Chagall's Mom, you got that 100% right! Pippa's new owners are TOPS, just fantastic, lovely people who we very much enjoyed meeting and talking to! Pippa is one lucky little girl for sure!  

AND, thank you for the lovely compliment! :beauty:


----------



## outwest (May 1, 2011)

What a pretty Pippa. I love her name, she seems to fit it. She sounds and looks like a wonderful girl.


----------



## papoodles (Jun 27, 2011)

*Thank you!*

William Shakespeare said it best” A rose by any other name would smell as sweet”. THAT'S my Pippa.
Doesn’t matter what color she is- her breeding tells through and through!
And thank you all for your very kind comments- you all made me blush..


----------



## cavon (Aug 10, 2010)

Chagall's Mom and i met papoodles at Westminster last February - could it be so long ago??? - and I agree 110% that the lovely Pippa is going to have simply the best life a poodle could hope for!!

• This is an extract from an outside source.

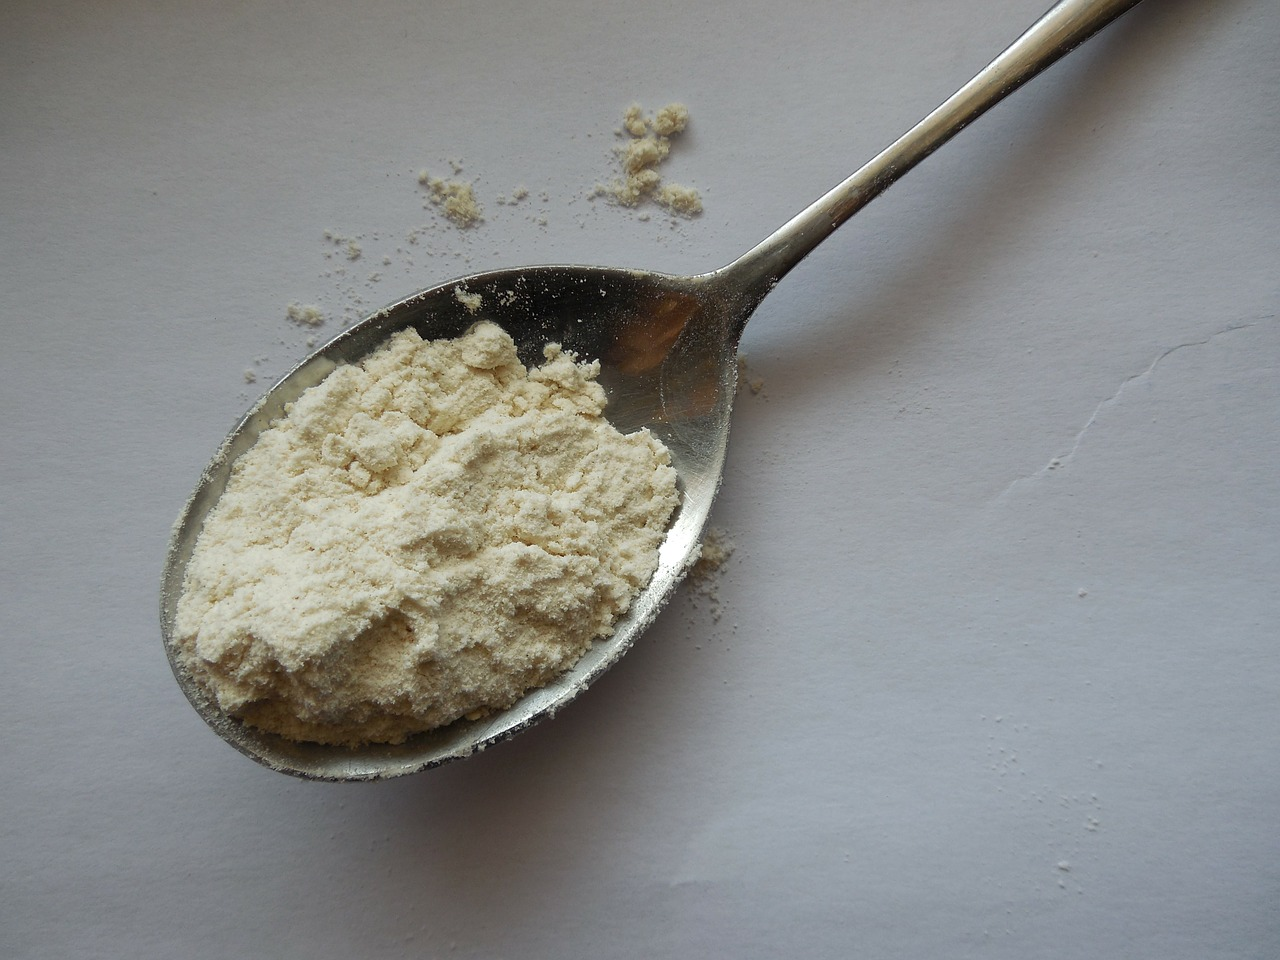 La farine de coco et de lupin
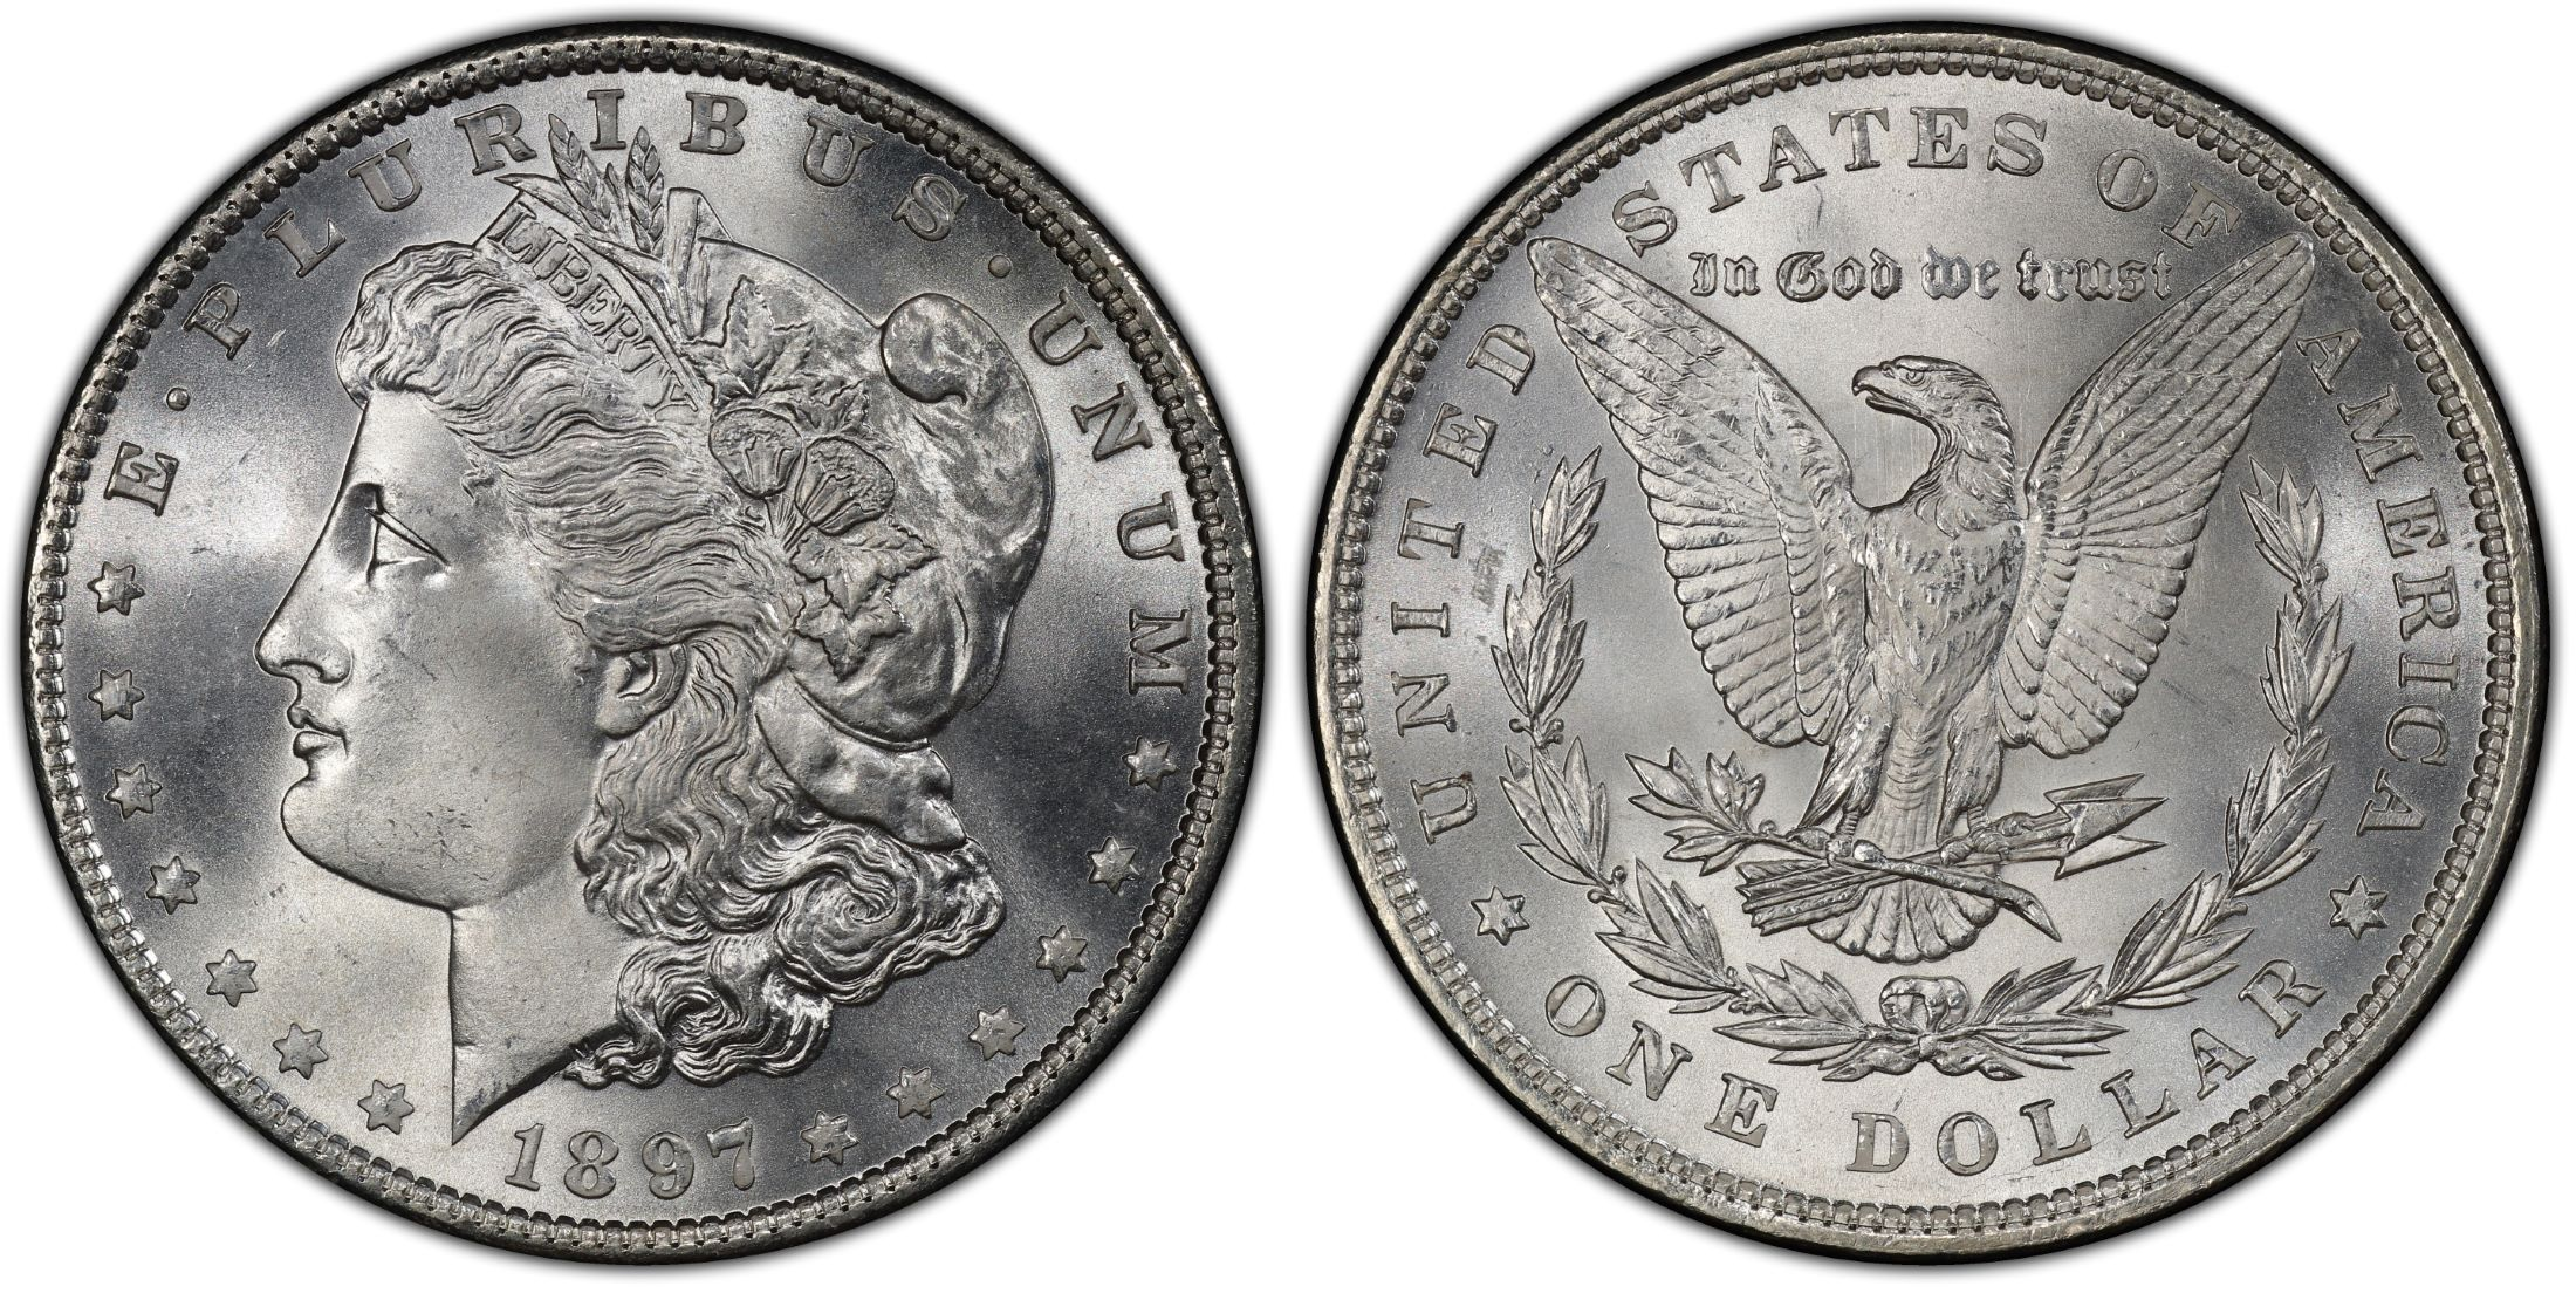 PCGS 1897  MS64 Morgan Dollars

I LOVE all of the Whispynook poodles, but I have always been a special fan of Alfie and I just can't wait to see little Pippa grow and clear to be a wonderful silver just like her Daddy!!


----------



## Chagall's mom (Jan 9, 2010)

cavon said:


> Chagall's Mom and i met papoodles at Westminster last February - could it be so long ago??? - and I agree 110% that the lovely Pippa is going to have simply the best life a poodle could hope for!!
> 
> I LOVE all of the Whispynook poodles, but I have always been a special fan of Alfie and I just can't wait to see little Pippa grow and clear to be a wonderful silver just like her Daddy!!


I think when* papoodles* and her husband met Chagall this summer, the seed was planted for her to grow a special fondness for silvers.:wink: 

*papoodles*, Take LOTS of pictures of Pippa (like I have to tell you!) because the color change, which is really unforgettable, you do in part forget over time. I can remember when Chagall looked "tie-dyed," he was such a swirling range of black to silver hair as his color cleared. People who saw him infrequently would ask if he was the same poodle, he changed so those first 19 months of life!


----------